I just got hit by a car and apologized to the driver. I asked him if he was okay.
New. Vanessa hudgens nude pics
That text made me feel like i signed up for some awesome celeb nude pic reminder
Also, on a completely related note, just came up with an awesome business plan. You in?
"Party in the USA" was played at church youth group last night. It was like everything I enjoy hating was aligning against me.
im bored tell me something entertaining
You got period blood on my carpet. I lied to my mom and said it was jam.
I wish you had a penis so you could experience peeing out the window in front of a crowd of people leaving parties.
I remember tearing his shower curtain down but I don't remember trying to shave my vag...
he told me not to treat him like a child and then started peeing off the trampoline
that's all we do, eat and hve sex, eat and have sex. he thinks it's bad and that we need to talk more or whatever but I'm just not seeing the problem...
dude, no lie, I would make out with you in front of them wearing nothing but a rainbow colored speedo
he puked in the sink and didnt turn off the water before he passed out on the bathroom floor. its been 2 hrs and we finally noticed that the whole fucking house is flooded. to hell with this birthday party
I'm going to a one year olds birthday party to smoke weed. What has my life become.

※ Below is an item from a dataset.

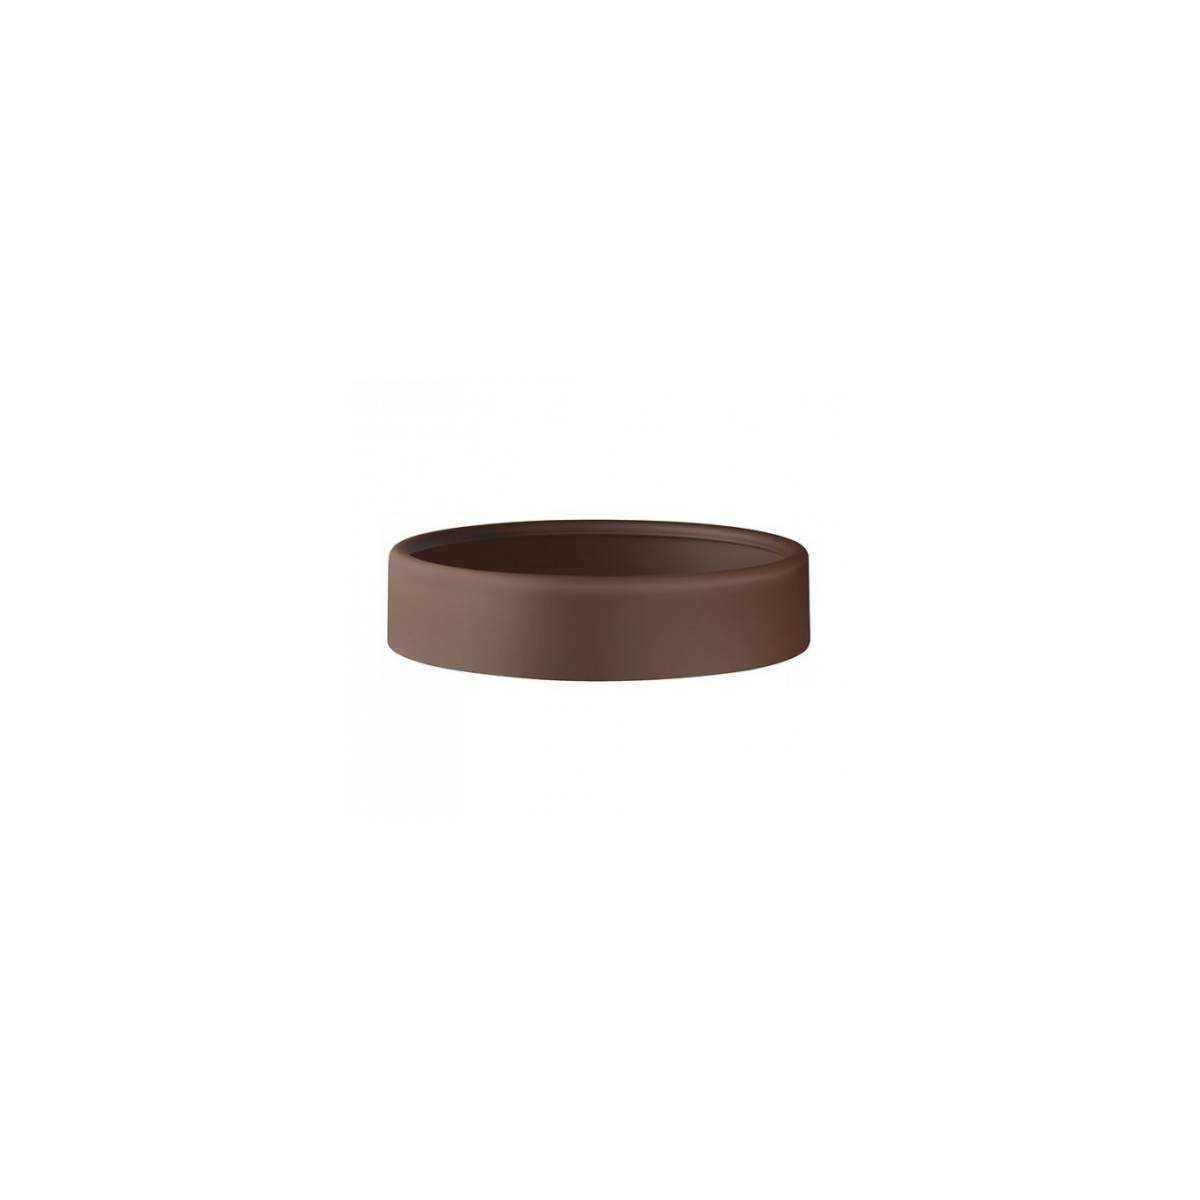 Кольцо-держатель для урны арт.A52601MA COLORED (A54401MA) A54401MA Mar Plast

Looks like I'm not in the Ashly Madison files. But my wife is.
How does one tell their boyfriend they're pregnant with someone else's kid??

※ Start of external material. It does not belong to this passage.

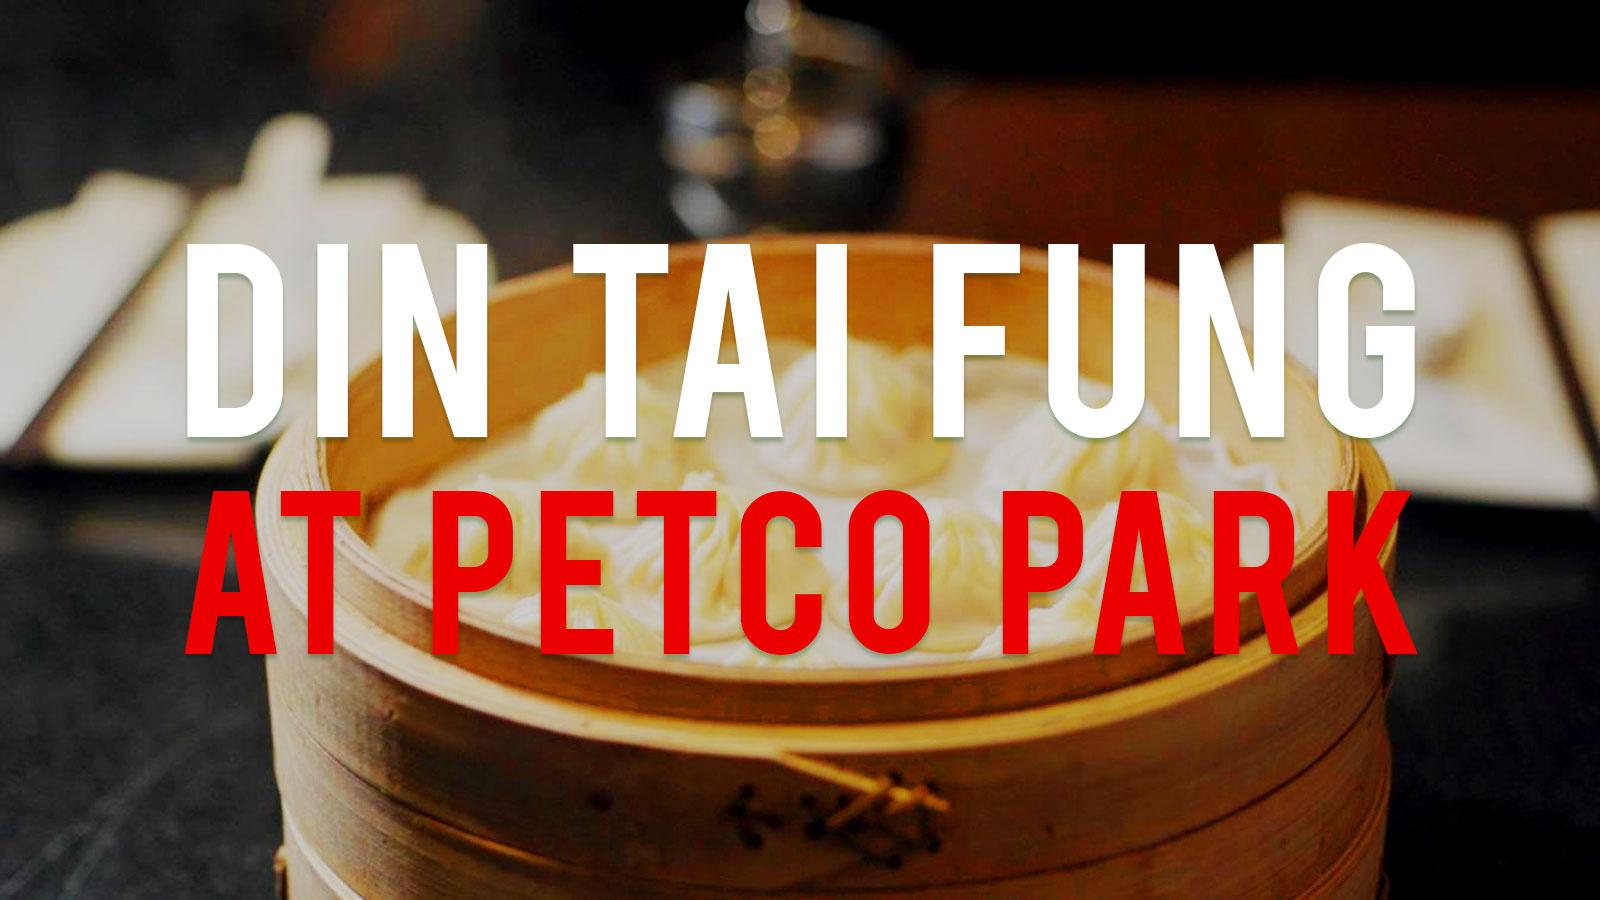 Din Tai Fung at Petco Park

What do I have to do?! Spell it out for him? Why can't he just plow me and pull my hair at the same time
You are my new hero
so I just realized.. of my 70k student loan debt, most of it went toward bar tabs, eightballs, and sweet-ass ties to wear to gamedays and other people's weddings. I think about shit like this while I'm at my mid-level management position. you know. "working."
Look upon your future, America, and despair.